Respuesta :
Potassium trifluoroacetate is the salt of a weak acid (trifluoroacetic acid) and a strong base (potassium hydroxide). In water it will dissociate into its ions.
KC₂F₃O₂ ------> K⁺ + C₂F₃O₂⁻
The trifluoroacetate ion is the conjugate base of a weak acid:
C₂F₃O₂⁻ + H₂O <-----> C₂F₃O₂H + OH⁻
The dissociation constant of this conjugate base will be:
Kb = [C₂F₃O₂H] * [OH⁻]/[C₂F₃O₂⁻]
I searched for the value of the Ka for the trifluoroacetatic acid. With this value we can find the Kb for the trifluoroacetate.
Ka = 1
Ka * Kb = 1 * 10^(-14)
Kb = 1 * 10^(-14)/1
Kb = 1 * 10^(-14)
So first we will have to find the concentration of OH⁻ and then we will be able to find the concentration of H+ and finally the pH.
We have to use the ICE table.
C₂F₃O₂⁻ + H₂O <-----> C₂F₃O₂H + OH⁻
I 5.43 0 0
C -x +x +x
E 5.43 - x x x
The initial concentration of the trifluoroacetate ion is 5.43, then some moles of it will convert into moles of C₂F₃O₂H and OH⁻. And finally we found the equilibrium concentrations that we can replace of the expression of the Kb.

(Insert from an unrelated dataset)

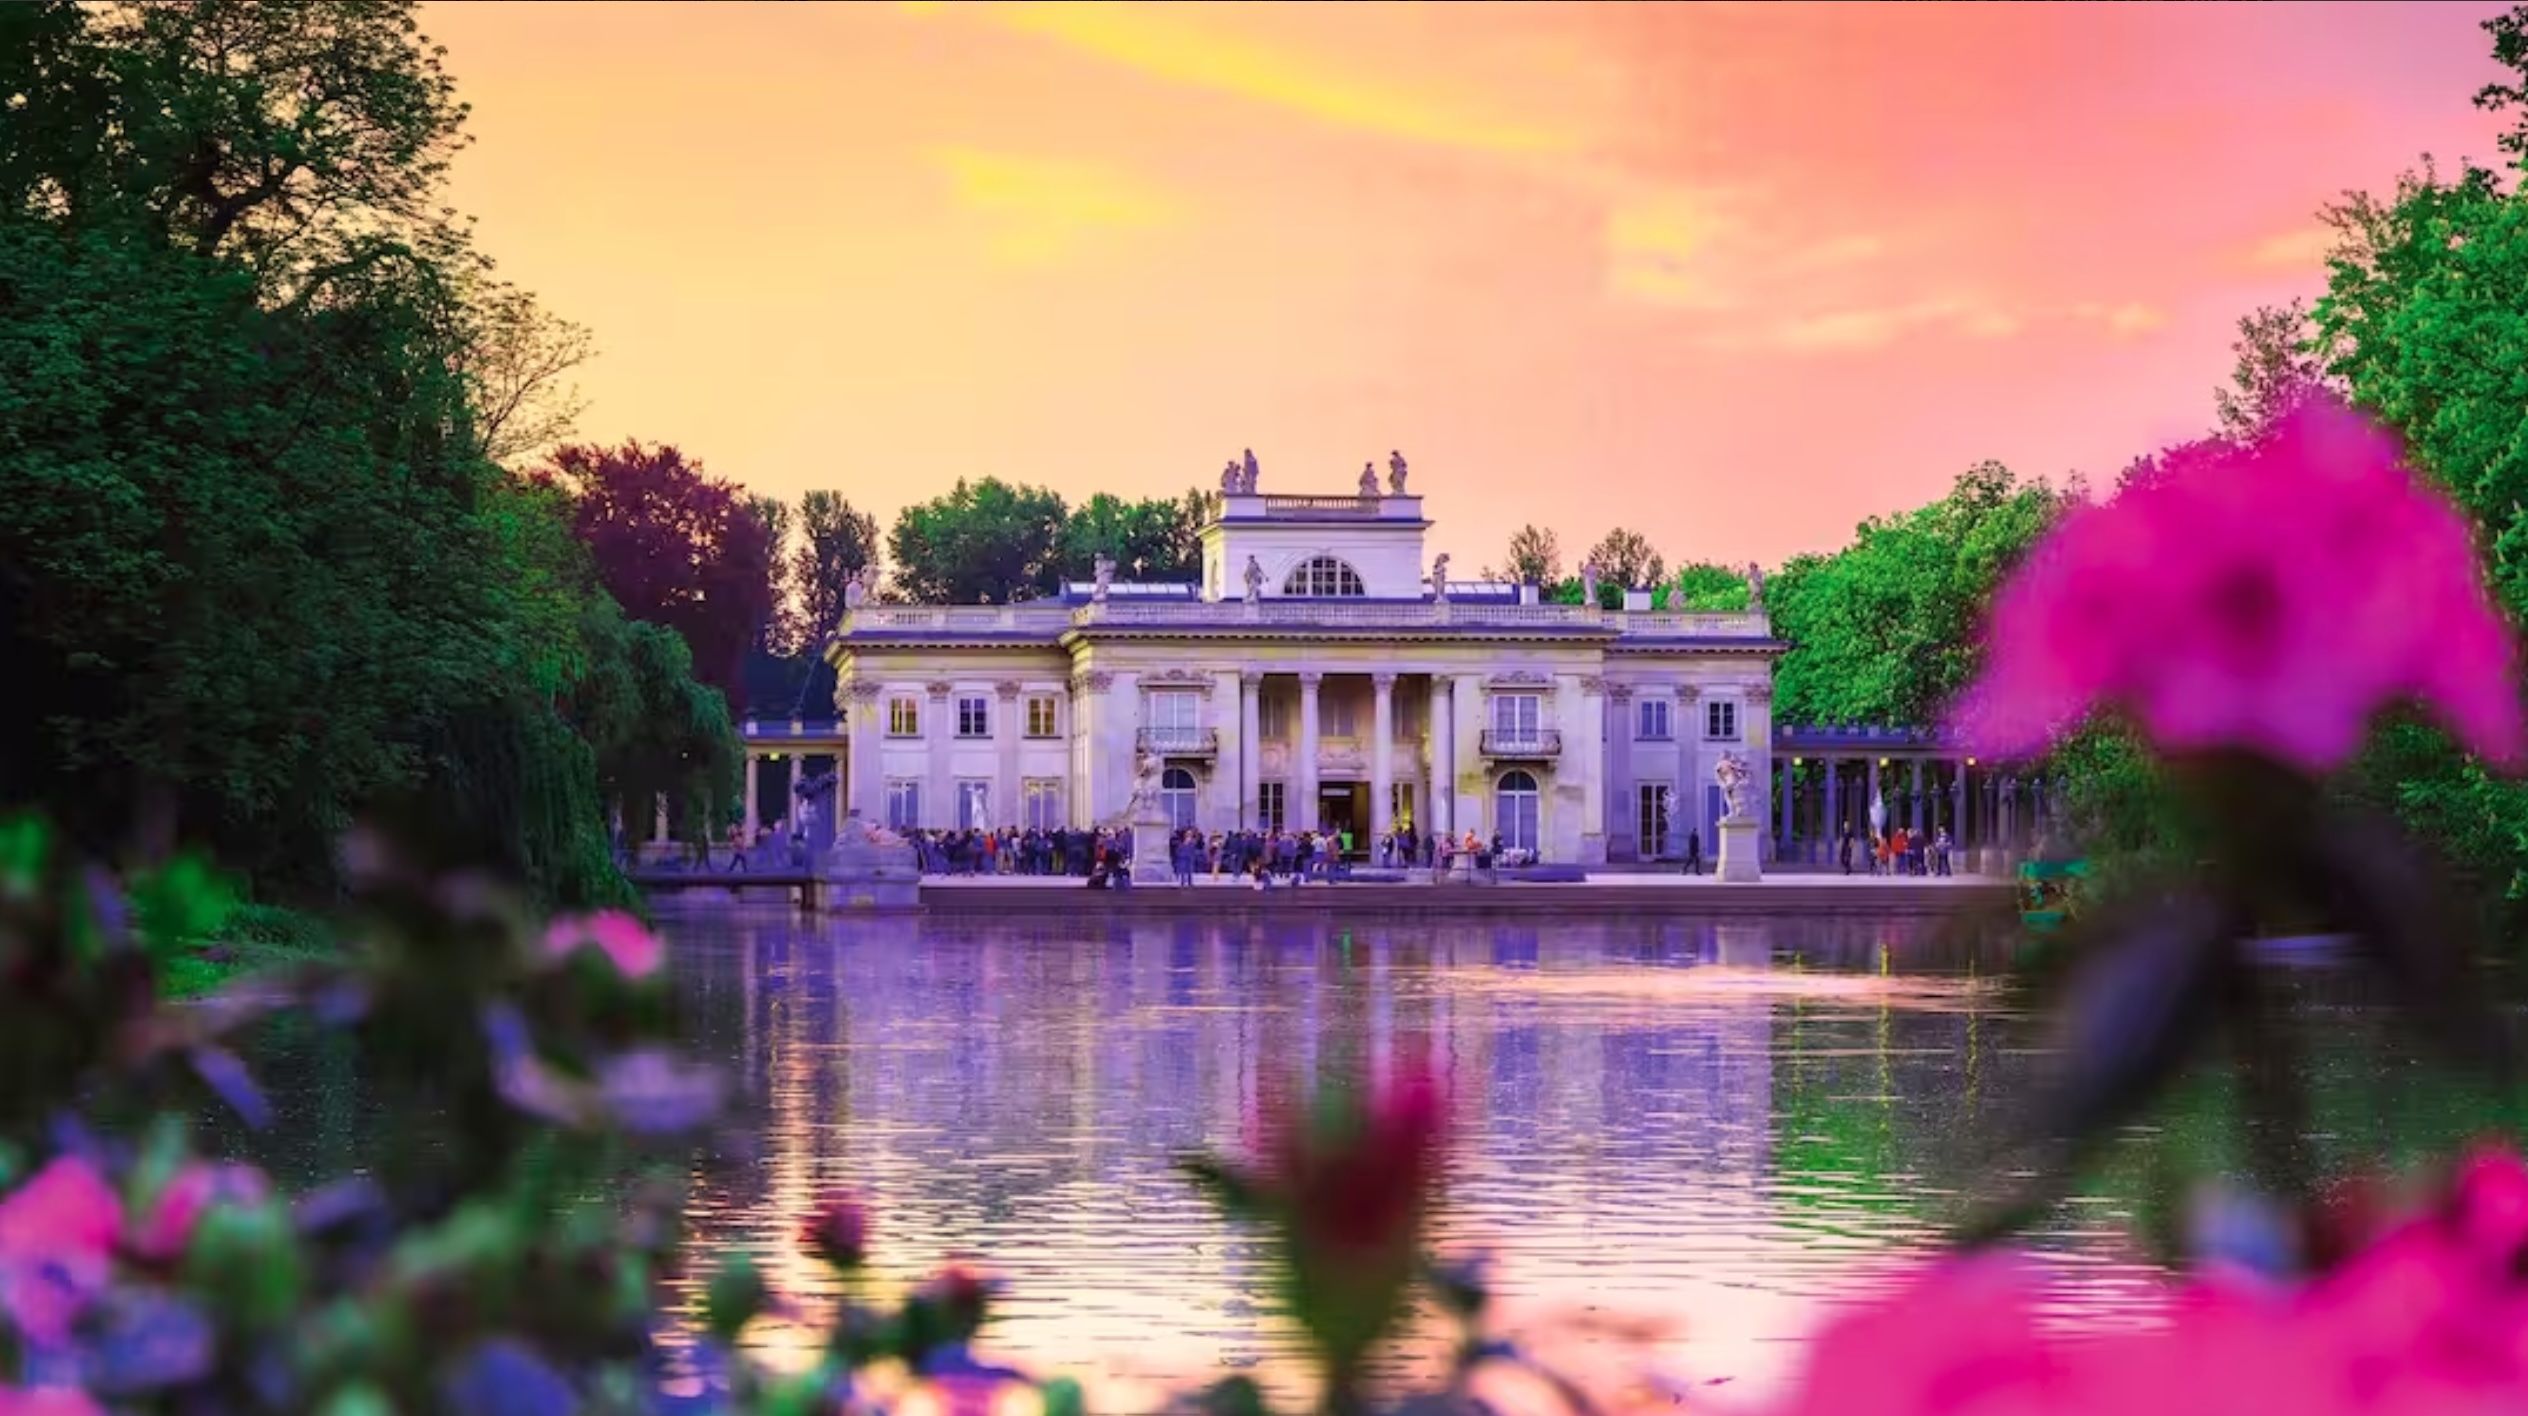 Royal Palace on the Water in Lazienki Park, Warsaw, Poland

Kb = [C₂F₃O₂H] * [OH⁻]/[C₂F₃O₂⁻]
Kb = x * x /(5.43 - x)
Kb = x²/(5.43 - x)
We can replace the Kb for the value that we found and solve this quadratic equation for x.
1 * 10^(-14) = x²/(5.43 - x)
1 * 10^(-14) * (5.43 - x) = x²
x² + 1 * 10^(-14) x - 5.43 * 10^(-14) = 0
This quadratic equation has two roots. We will use the positive one since it is a concentration.
x₁ = 2.33 * 10^(-7) x₂ = - 2.33 * 10^(-7)
The concentration of OH- in the equilibrium is x. We can determine the pOH.
[OH-]eq = x₁
[OH-]eq = 2.33 * 10^(-7)
pOH = - log [OH-]
pOH = - log (2.33 * 10^(-7))
pOH = 6.63
Finally we can find the pH using that value:
pH + pOH = 14
pH = 14 - pOH = 14 - 6.63
pH = 7.37
Answer: the pH of a 5.43 M solution of potassium trifluoroacetate is 7.37 supposing that ka of trifluoroacetic acid is 1.